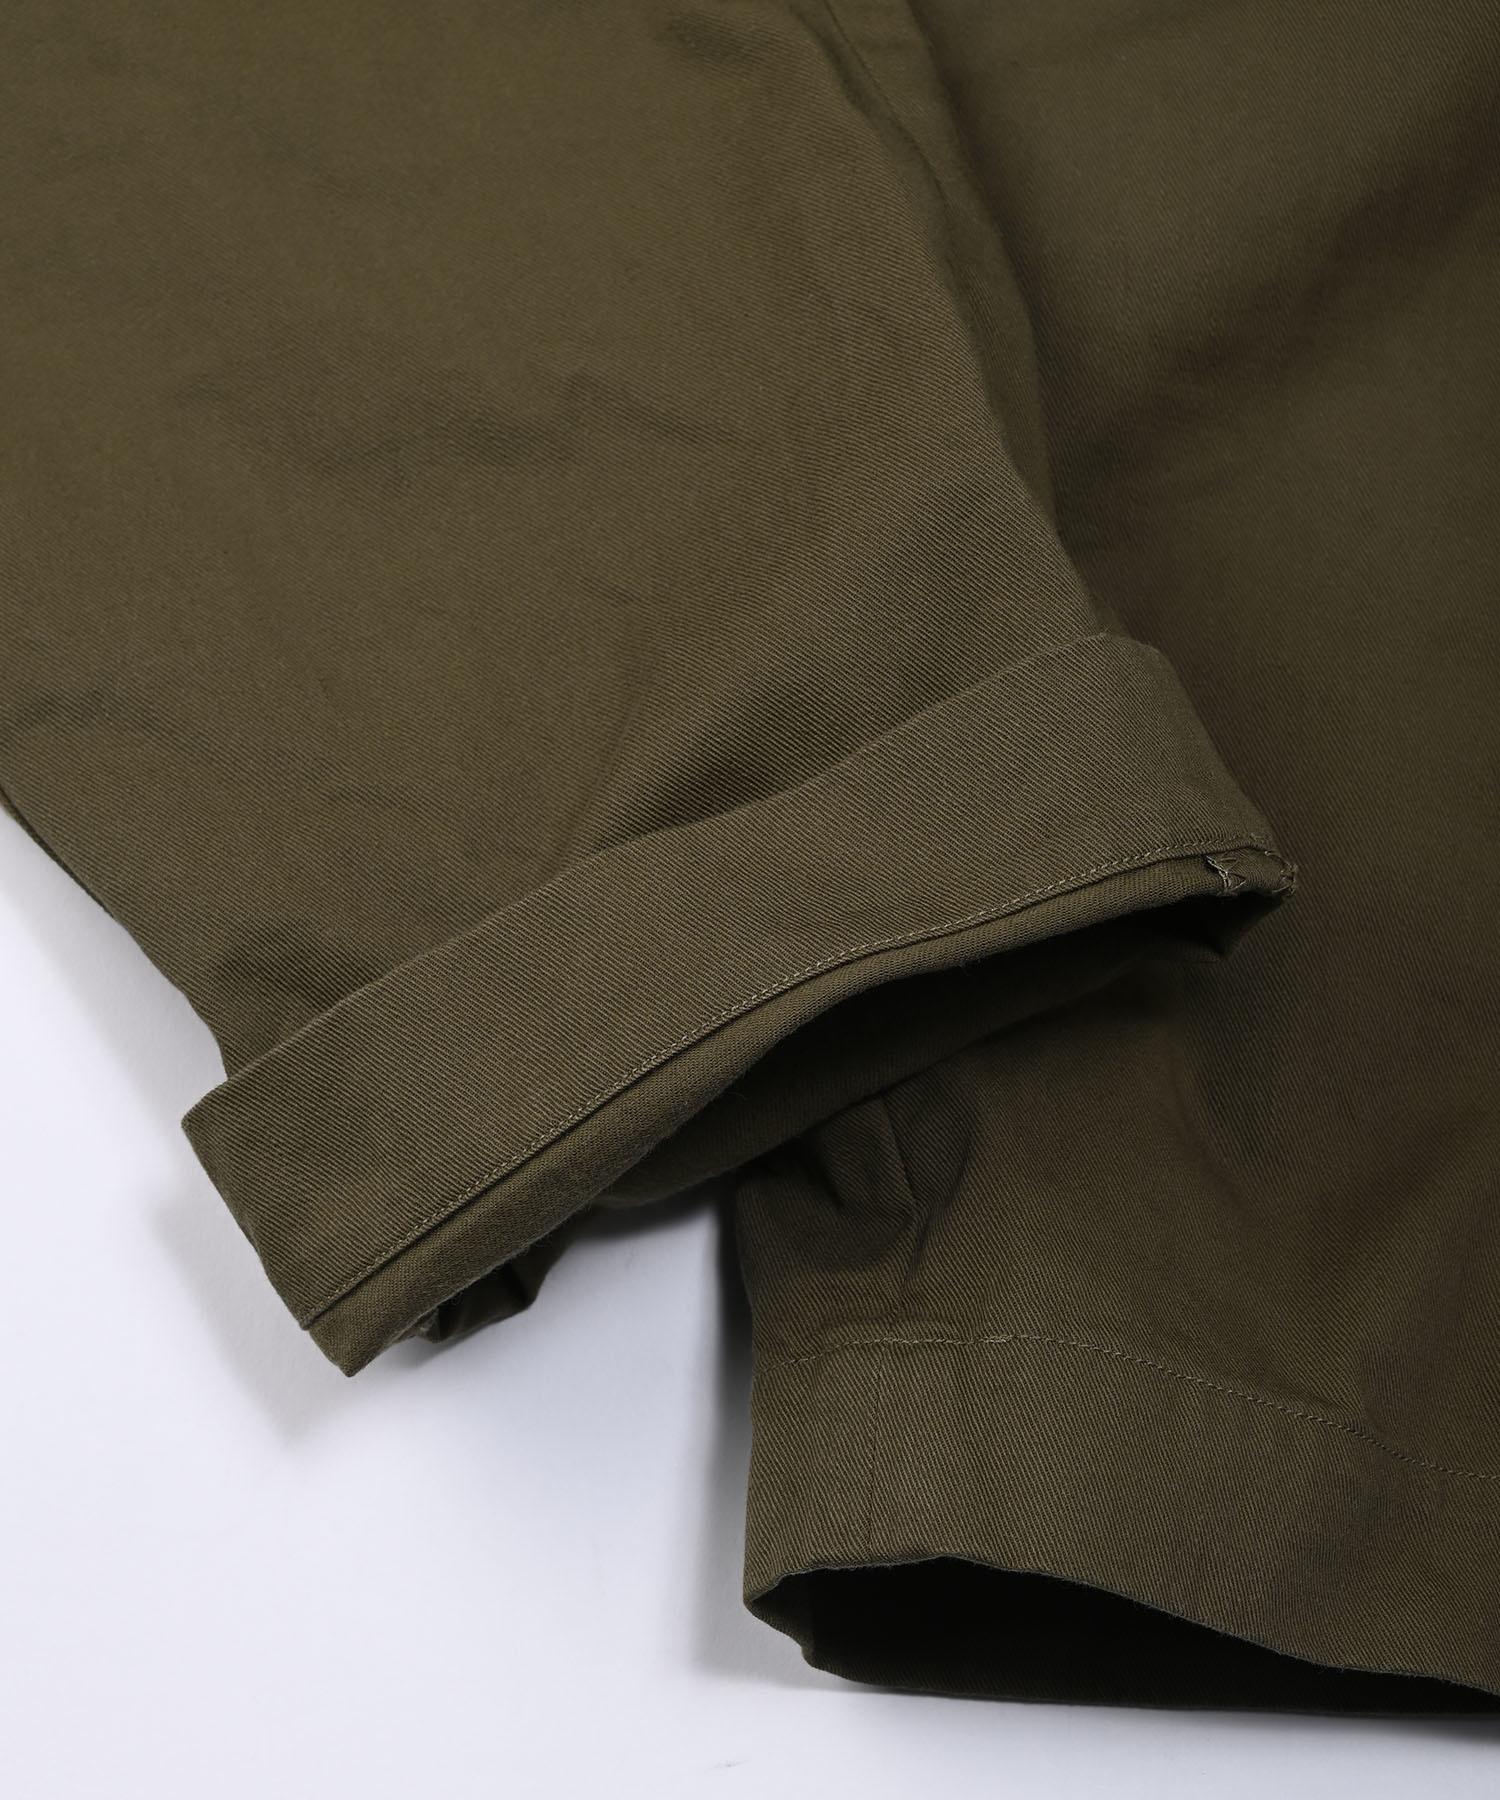 Okome Chino 908 Pants (0421)-9
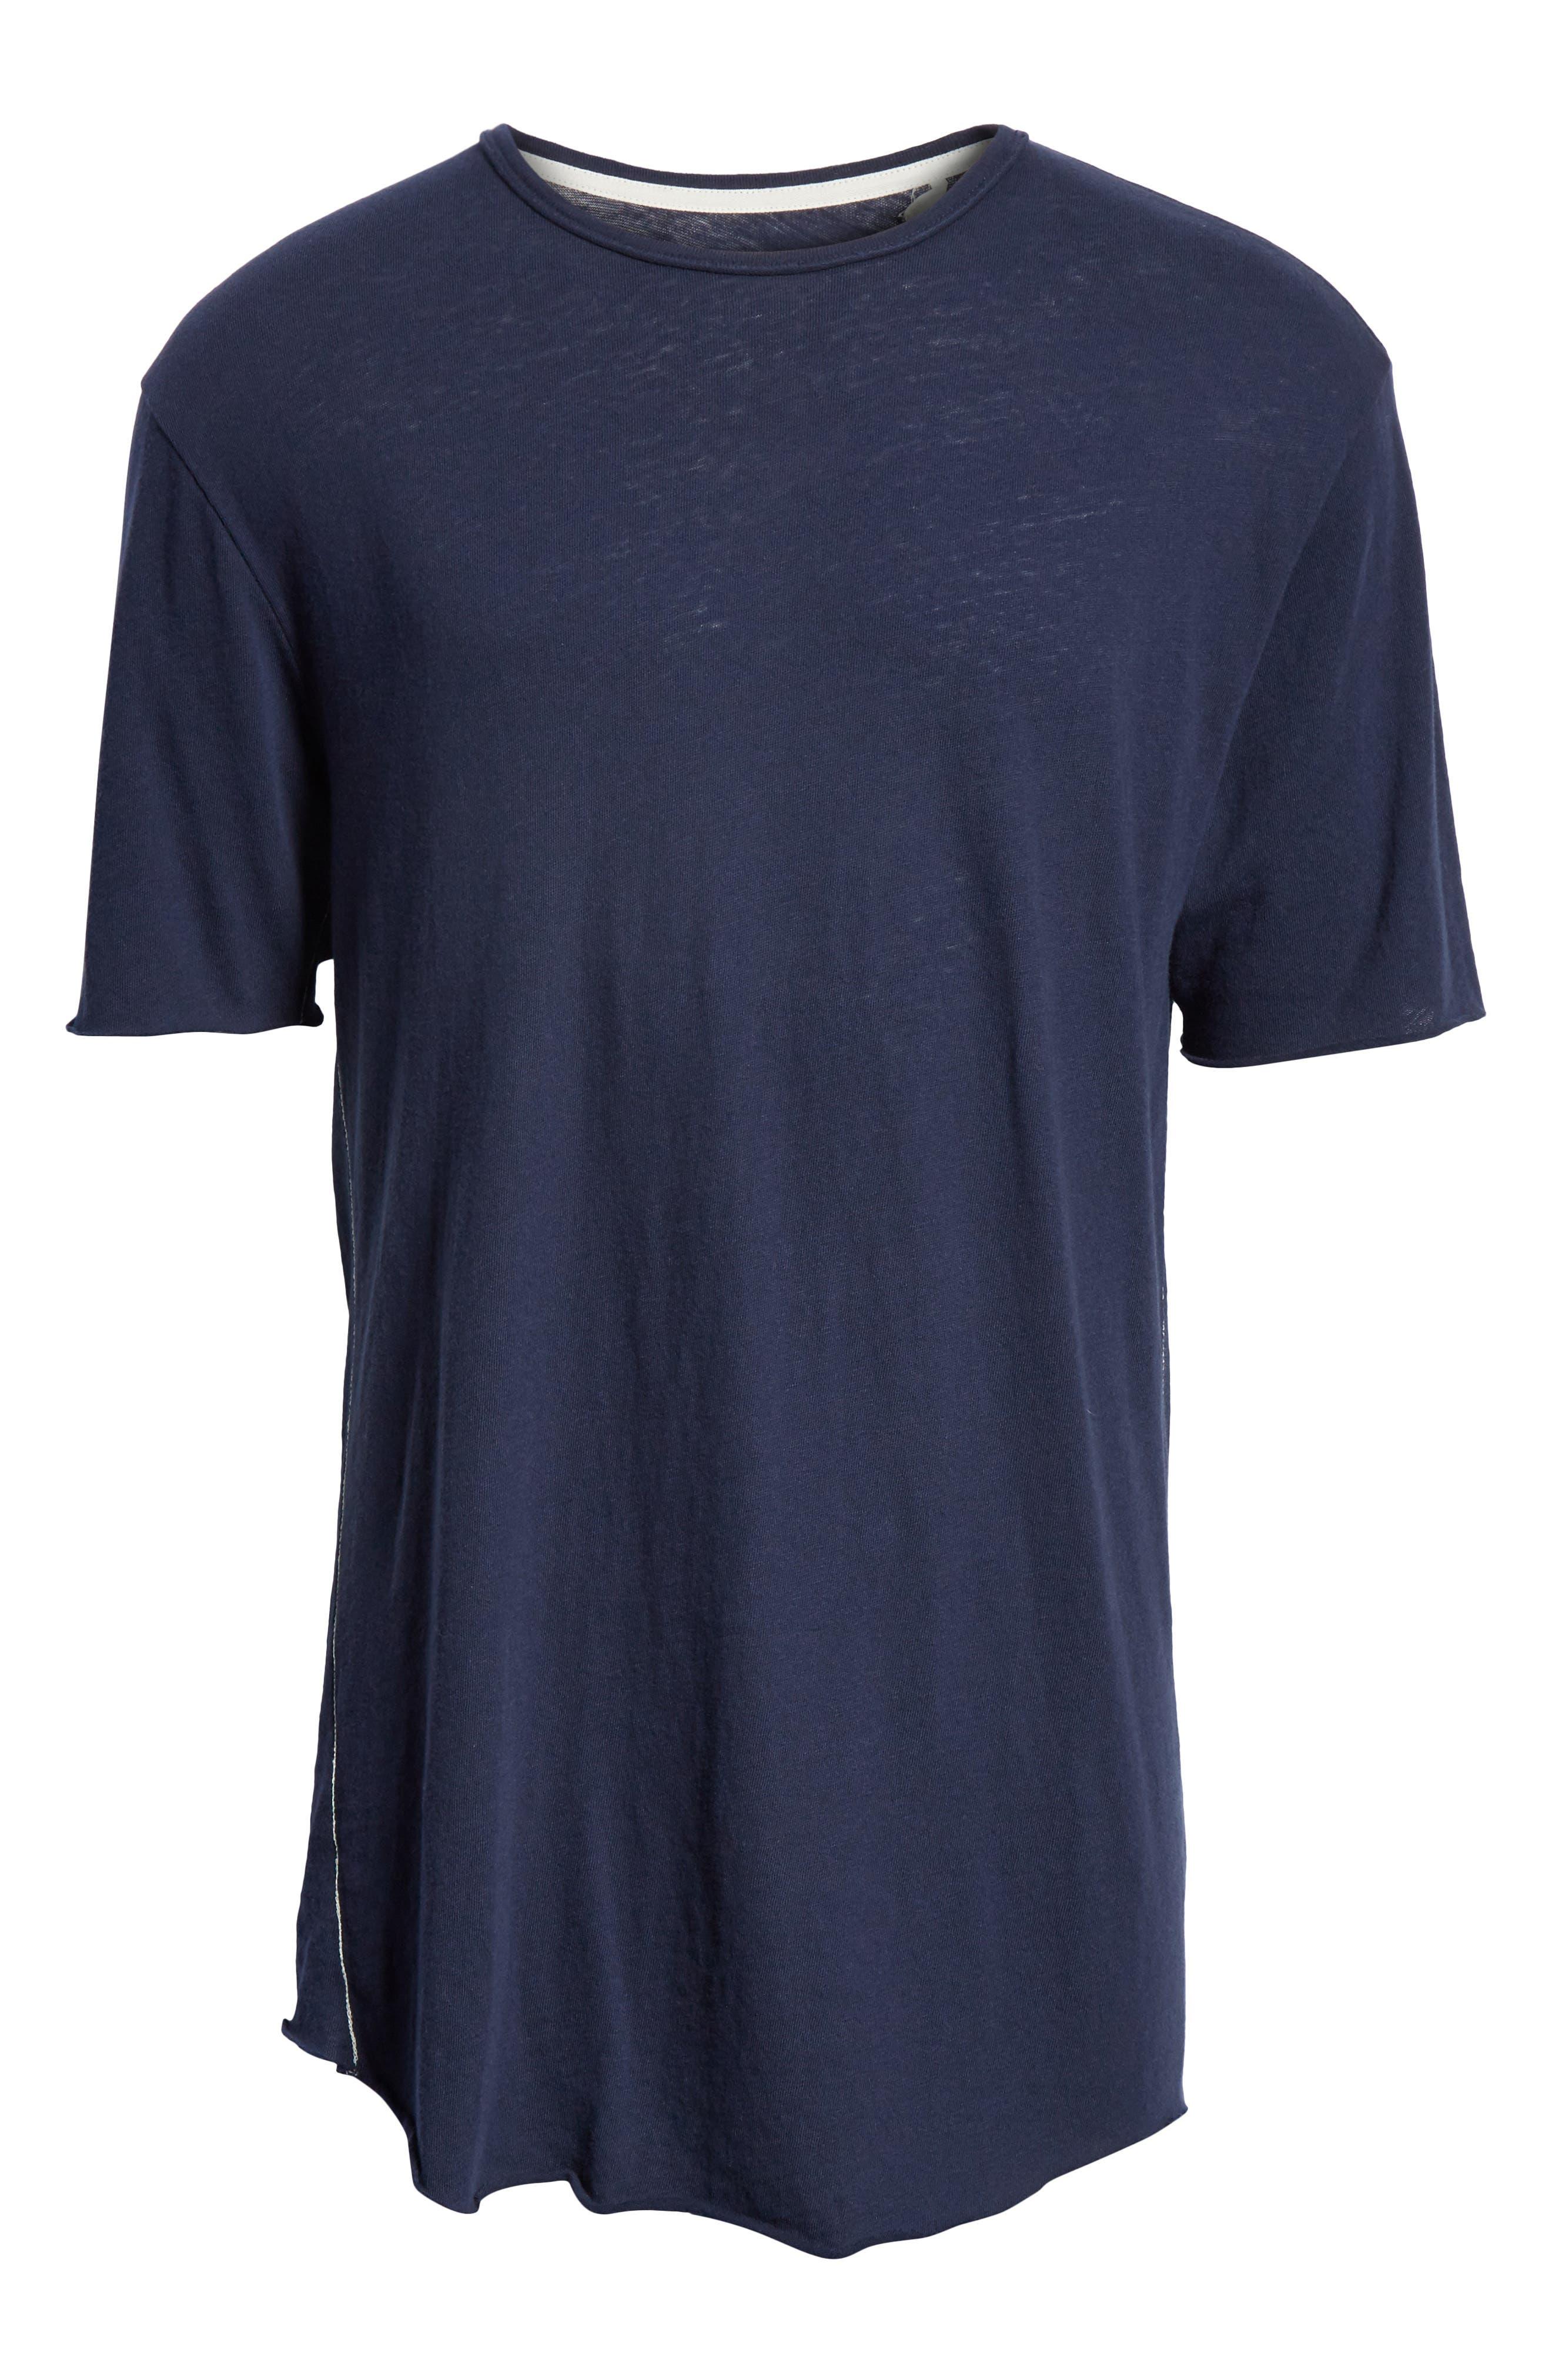 RAG & BONE,                             Hartley Crewneck Cotton & Linen T-Shirt,                             Alternate thumbnail 6, color,                             410
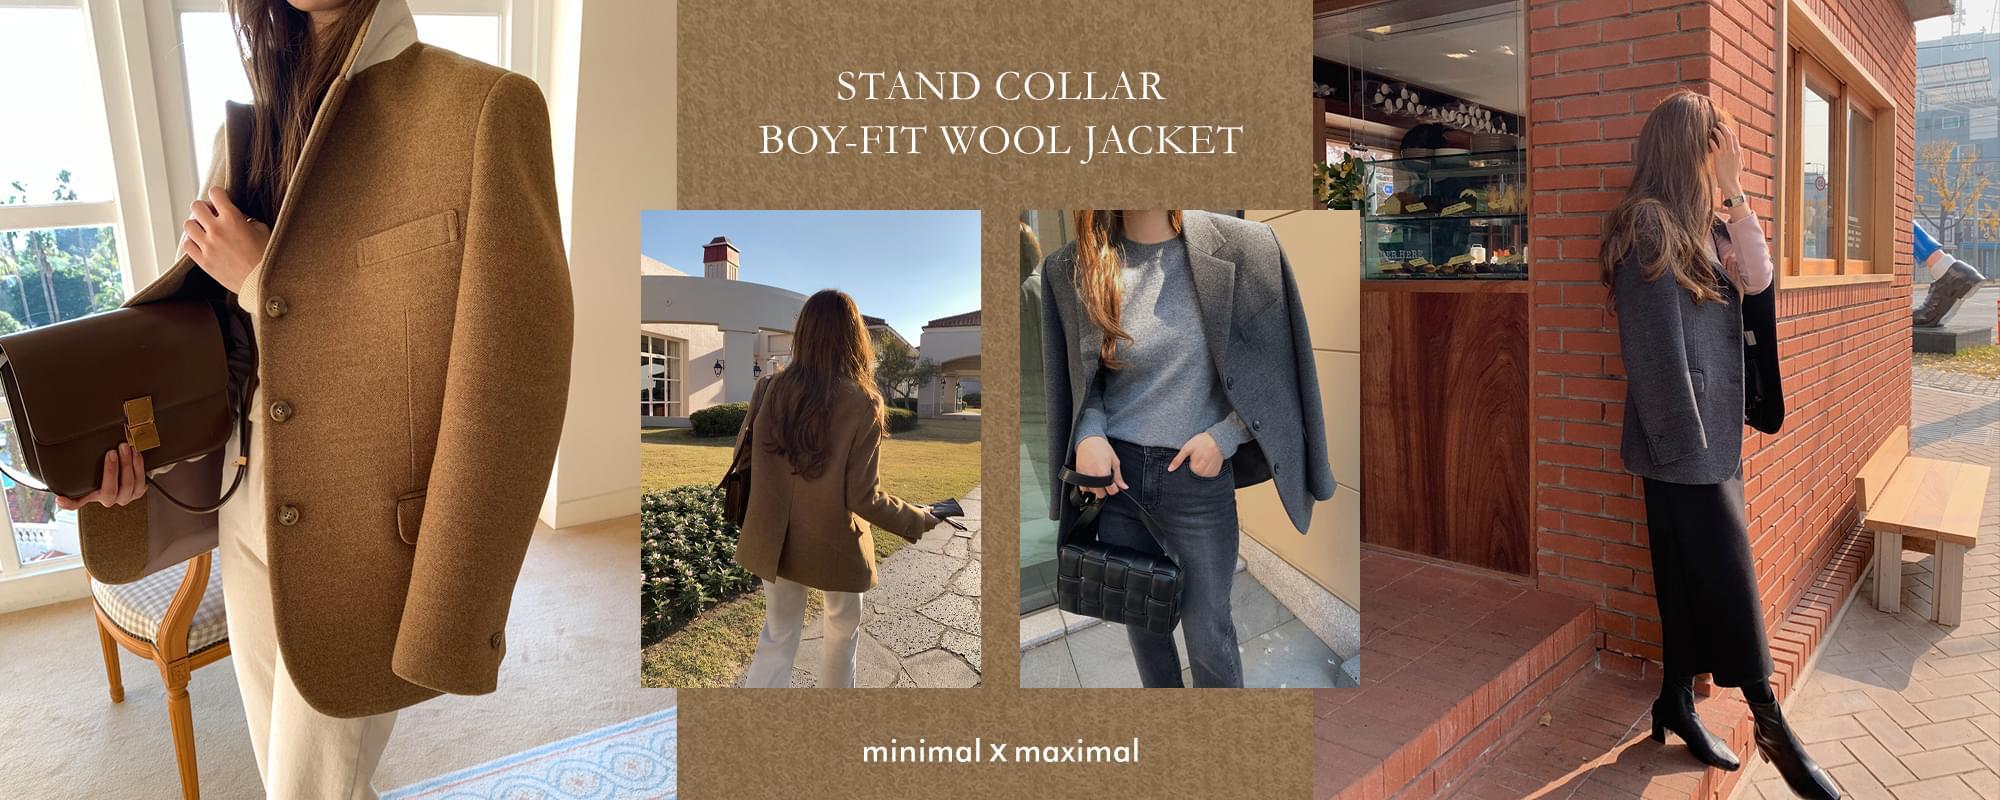 MMMM/ Stan Collar Boyfit Wool Jacket

▶ **ACTION ITEM**
Restate the material above word for word; pictures do not belong in the copy.

▶ **SOLUTION TO THIS EXERCISE**
 Okome Chino 908 Pants (0421)-9
 RAG & BONE,                             Hartley Crewneck Cotton & Linen T-Shirt,                             Alternate thumbnail 6, color,                             410
 MMMM/ Stan Collar Boyfit Wool Jacket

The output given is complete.